Edit: added this to hopefully clarify the technical operations When you send a signed message, you are sending the plain text AND a block of ciphertext that is the hash-output of the plaintext. The hash-output has to be protected from alteration, that is why it is encrypted with the private key. Only the public key can properly decrypt it. The recipient can then do the hash-function on the plaintext and compare the output to the decrypted hash-output you attached to the message. If both match, the message can be considered "genuine". end of edit

The point that seems to be confusing you is the role of the Private versus the Public key. These keys are functionally the same. With symmetric encryption, two keys are used to encrypt and decrypt plaintext. It's a one way function from one key to another, but in either direction.

This is where the technical, mathematical part of cryptography hands things off to the administrative/policy part of public key infrastructure. When a key pair is generated, one key is designated "private" and the other "public"; it does not matter which key is used for which, they are interchangeable. As far as the algorithm goes (at least, in the one way functional part of things...I'm not big on the technical math part, just the theory).

You sign things with your private key because, theoretically, ONLY YOU have access to that key. It's the "guarantee" that you sent the message. The public key is theoretically available to anyone and everyone.
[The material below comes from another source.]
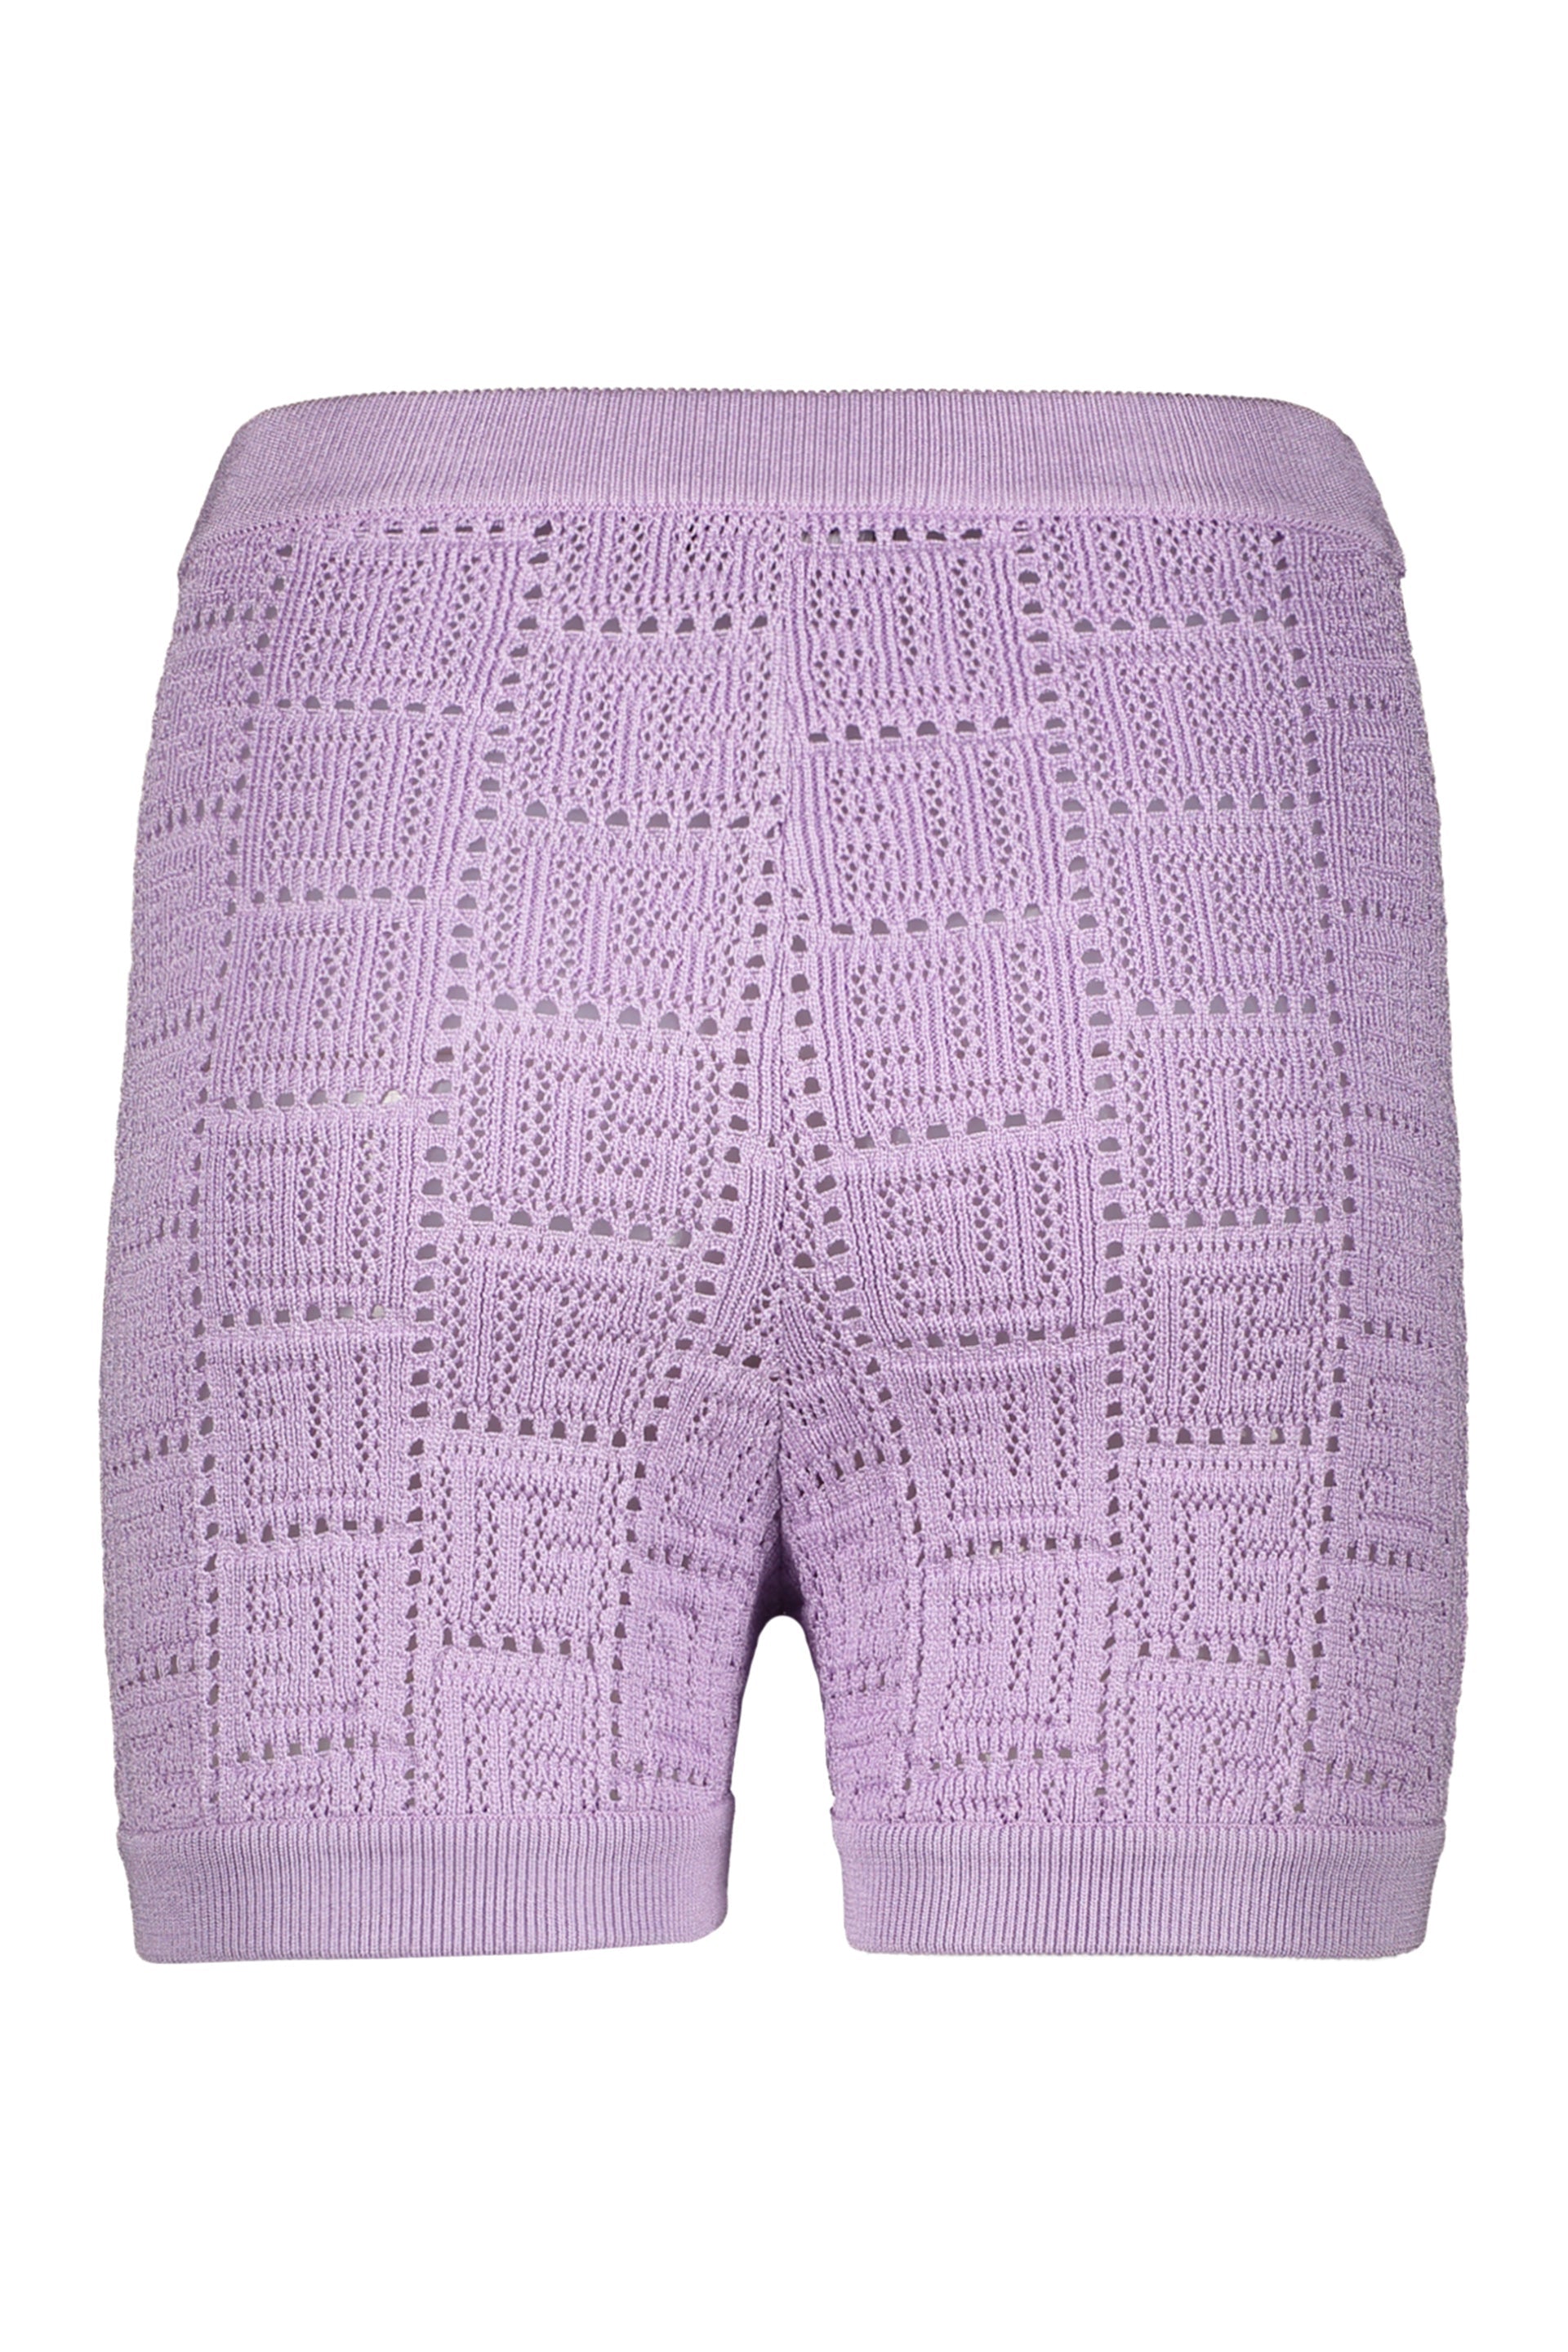 Balmain-OUTLET-SALE-Knitted-shorts-Hosen-ARCHIVE-COLLECTION-2.jpg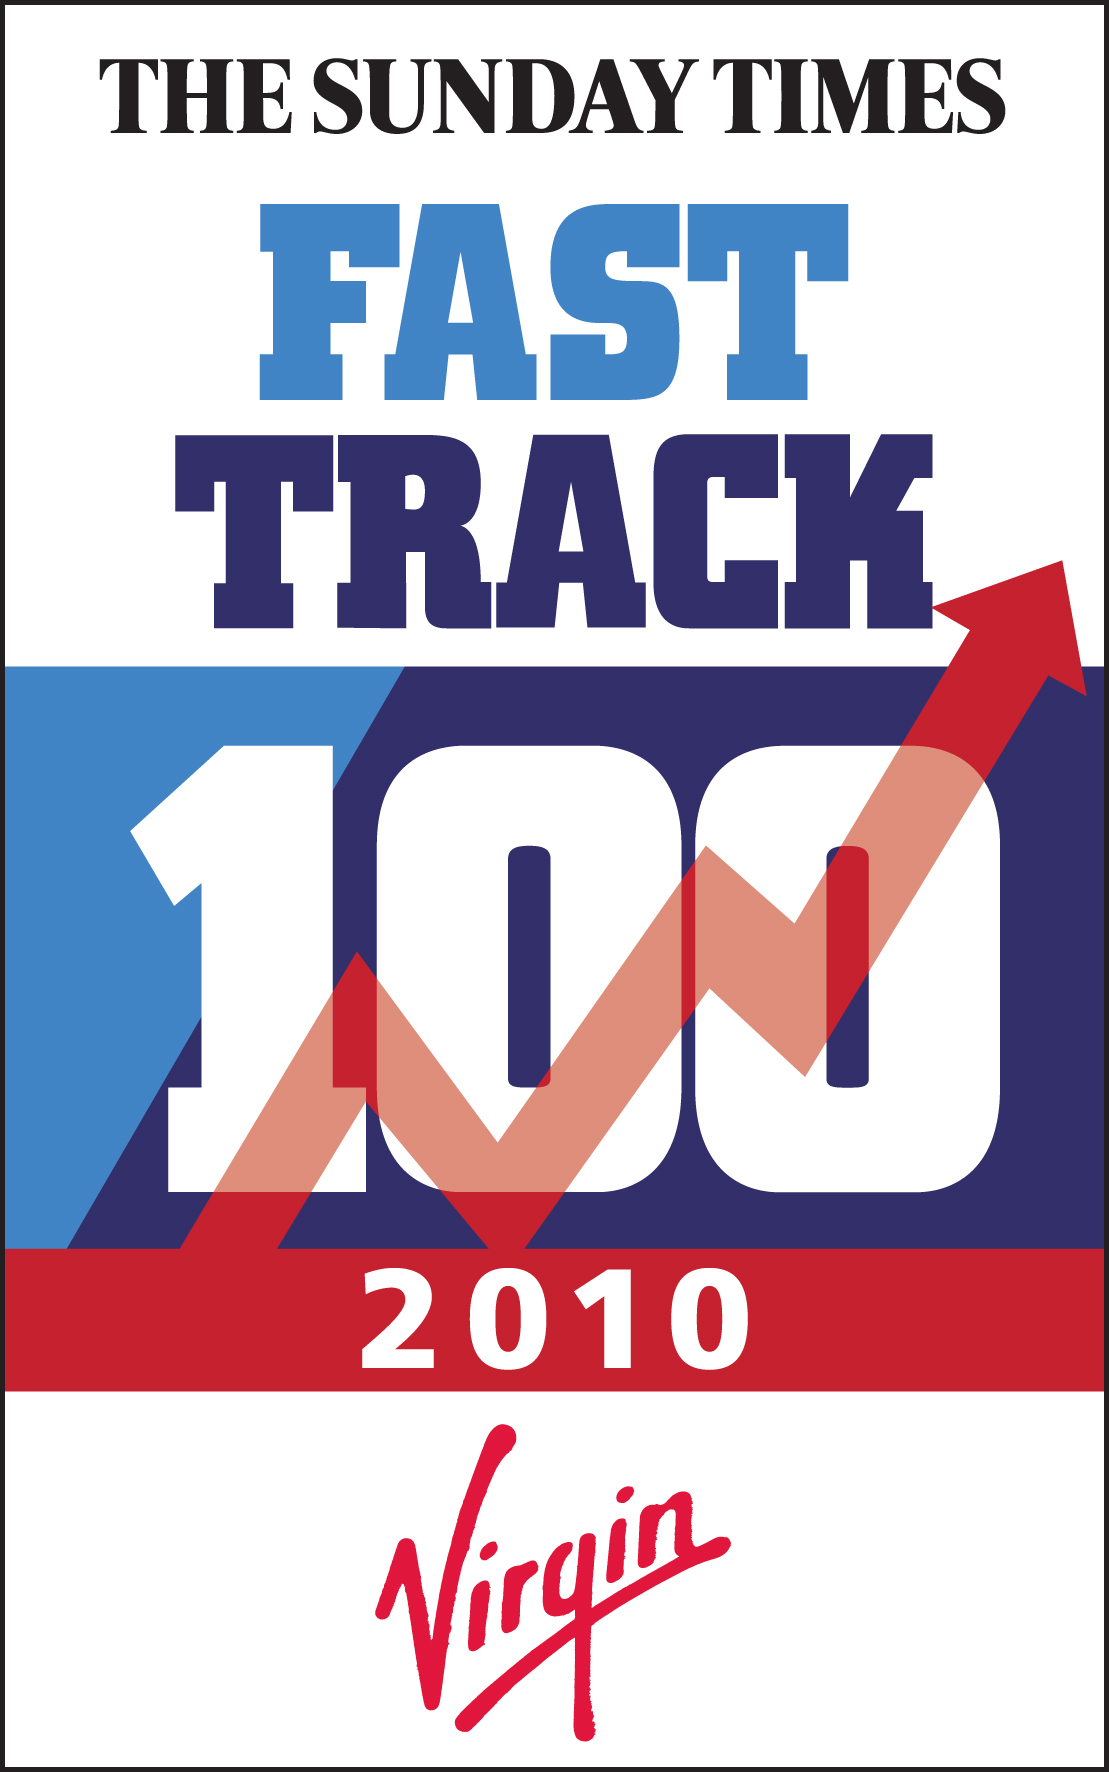 Sunday Times Virgin Fasttrack 100 Company

If a message is signed/encrypted and that public key happens to validate/decrypt it then one can be pretty certain that the private key signed/encrypted the message.

So using the private key to send things out is not really effective from a cryptographic "hiding the message" stand point, but it is HIGHLY effective from a "guarantee of the authenticity/origination of the message".

This is why with PKI and symmetric encryption, if you want to have a two-way private conversation, both parties need their own key-pair.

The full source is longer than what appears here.